この地域の自然は案外厳しい。寒いし、湿度も高い。地域の多くの建物は下見板貼りの木造の家だが、それらは皆朽ちていて森に同化しているものの決して快適そうではない。そのため別荘として建てられたものの多くはもう何十年も使われておらず、廃墟化しているものが多い。地域ではコンクリートの建物をタブー視する傾向もあるようだが、湿度の多い地表から建物を浮かせたい、しかも朽ちない躯体で、とつくづく実感した。

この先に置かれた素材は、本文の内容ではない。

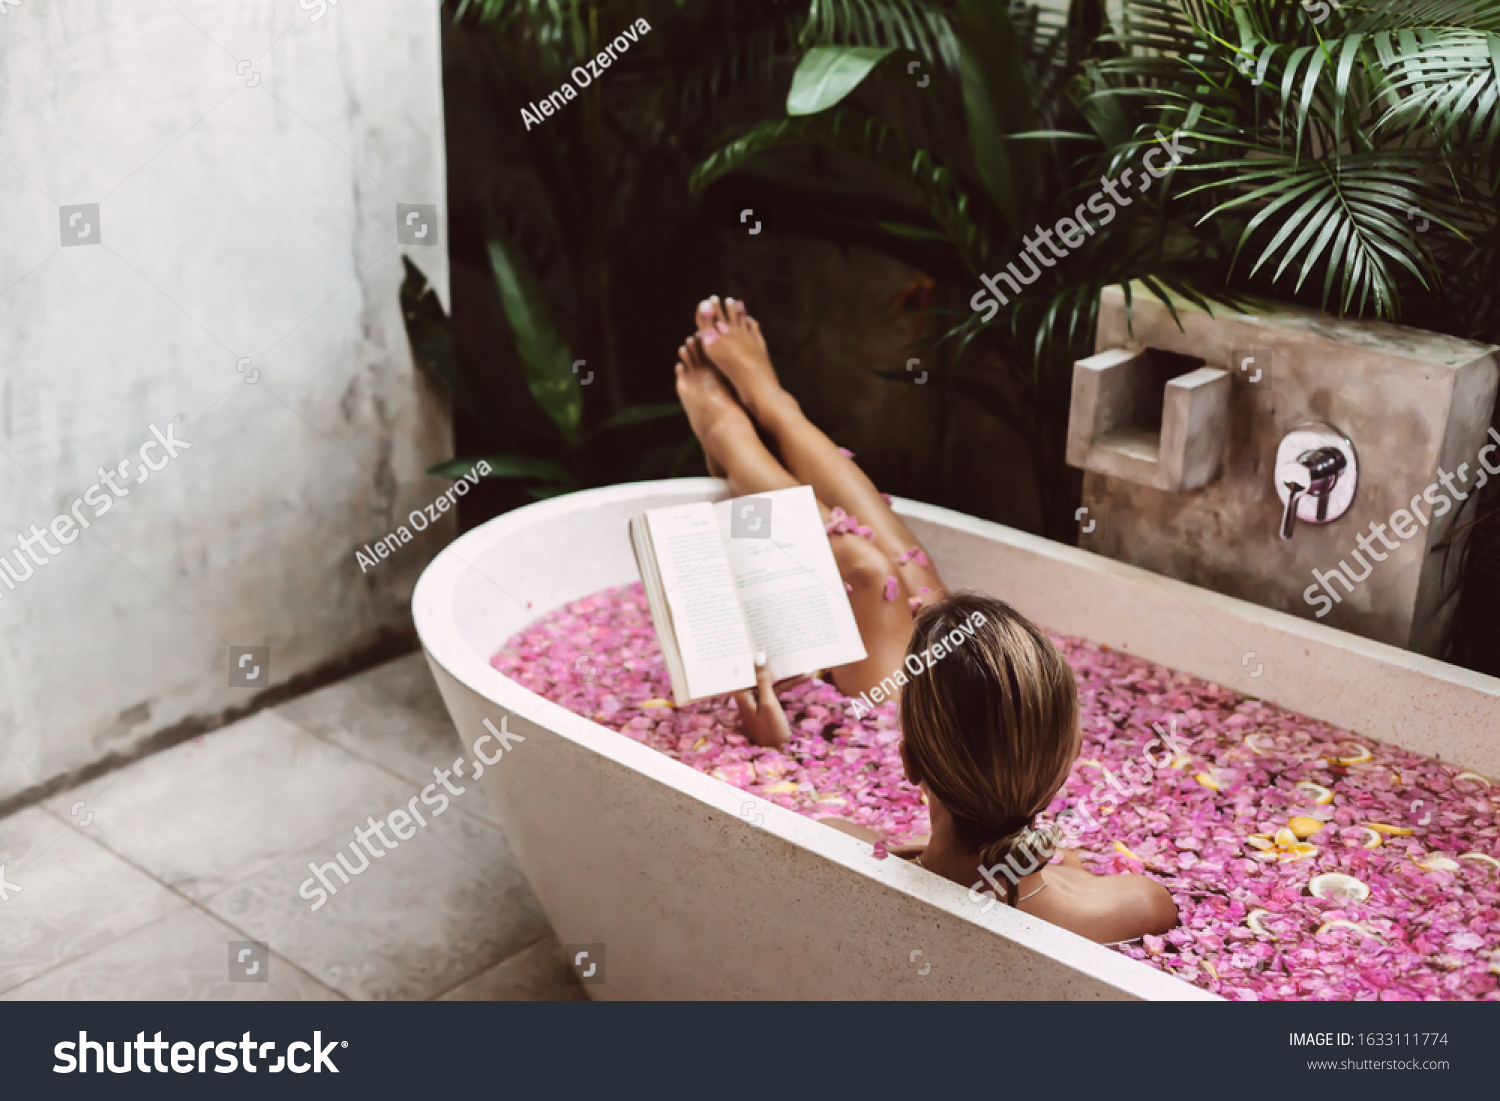 Woman reading book while relaxing in bath tub with flower petals. Organic spa relaxation in luxury Bali outdoor bath. #1633111774

自然との境界を曖昧にし同化することを善しとする日本的な自然との関係は、繊細な瀬戸際の攻防を日々継続することで成り立っていると思う。毎日の生活の場であればこれを維持することが出来るが、別荘の場合は快適でなければ行かなくなるだけだ。別荘に手入れの為に来る、または別荘に来ても半分は掃除や手入れをして終わってしまうというのでは直ぐに使わなくなってしまう。自然と同化する生活は理想的かもしれないが、それは毎日そのために時間を費やせる状況になってから・・・ということなのかもしれない。

また週末住居という余暇のための場であるから、ただ機能を必要十分に果たせばよいというわけではない。滞在中に心を豊かにし英気を養う空間として、自然と一体になって一日眺めていても飽きない風景を作り出す。現代彫刻のように周囲の自然をも豊かにし、またそれを内包空間に有機的に引きずり込む、そんな建築を目指した。

構成

敷地中央に立つ大きなモミの樹を囲み、敷地内の松並木を望む配置を試みた。当初は三次曲面のシェルを考え、Cの字断面のシェルがJの字にモミの樹を囲み、中を一部2層にする案になった。しかし、予算や工法・仕上げ(寒冷地なので現場打ち一発仕上にこだわった)の問題から2次元曲面で構成できる案に修正した。Jの直線部(一層部分)を背の低い楕円の筒、曲線部(二層部分)を大きな楕円の筒とし、二つを直列に連結して、諸条件に合わせて自由な曲線でカットした。楕円の断面は力学的要求で上下部は330mm・左右部は730mmと連続的に変化している。シェル全体は2次元曲面で構成されるが、エッジには自由曲線、切断面にはねじれも含めて3次曲面が出現した。地上1400mmのレベルに床を張り、シェルの下半分が大きく外部へ張り出し同じ高さのテラスを支える。室内の給排気はすべてサッシ下部の立上がりから取られており、テラスの立上がりのルーバーを介して外部に通じている。一般部分には冷房を設けていない。開口部には可動部分を多くとり出来るだけ効率的に自然からの通風を取れるよう工夫した。 一見無駄の多そうな楕円の断面でだが、ほとんどの楕円壁の下半分には家具が駆け上がり、楕円の最大幅員部分のほぼ全域が使用領域となっている。

設備

使われる家となるために、設備についても快適性と共に使用勝手に最大の配慮を配った。 軽井沢の古い別荘の多くは、古き良き時代に避暑のために月単位で滞在した時代のスタイルに根付いている。1か月間過ごすならシーズン前後の準備に1日づつ掛かっても30分の2だが、今は新幹線で都心からわずか1時間10分、週末1泊だけでも十分に来れる。現代の軽井沢は本当に日常的に使用できる場所、だから準備は10分で終わらないと。 家中の設備の在宅・留守設定を玄関の集中スイッチで切換えられるようにし、ユーザーはボタン3つで前回帰宅時と全て同じ状態に復帰できる。生体認証による解錠およびセキュリティーコントロールに始まり、ユーザーの負担を最小限に抑えるよう工夫した。 また寒冷地の別荘で厄介なのが凍結防止のため水抜きだが、この家は最小限のエネルギーで水抜き不要とするため、温風床暖房システムをカスタマイズしたオリジナルの空調システムを構築している。湿度の高い軽井沢での湿気・カビ対策と、寒冷地での大空間・大開口を実現するためのコールドドラフト対策も兼ねており、建築躯体の形態と合理的に一体化している。ただし将来は内装や設備(出来ればサッシまでも)が最新のものへ更新されながらも使用され続けられるために、躯体とその他のものを完全に分離している。そして躯体自身は経年変化によって自然と同化していくように、またメンテナンス性も考慮して、打ち放し仕上に浸透性改質剤による防水仕上げとしている。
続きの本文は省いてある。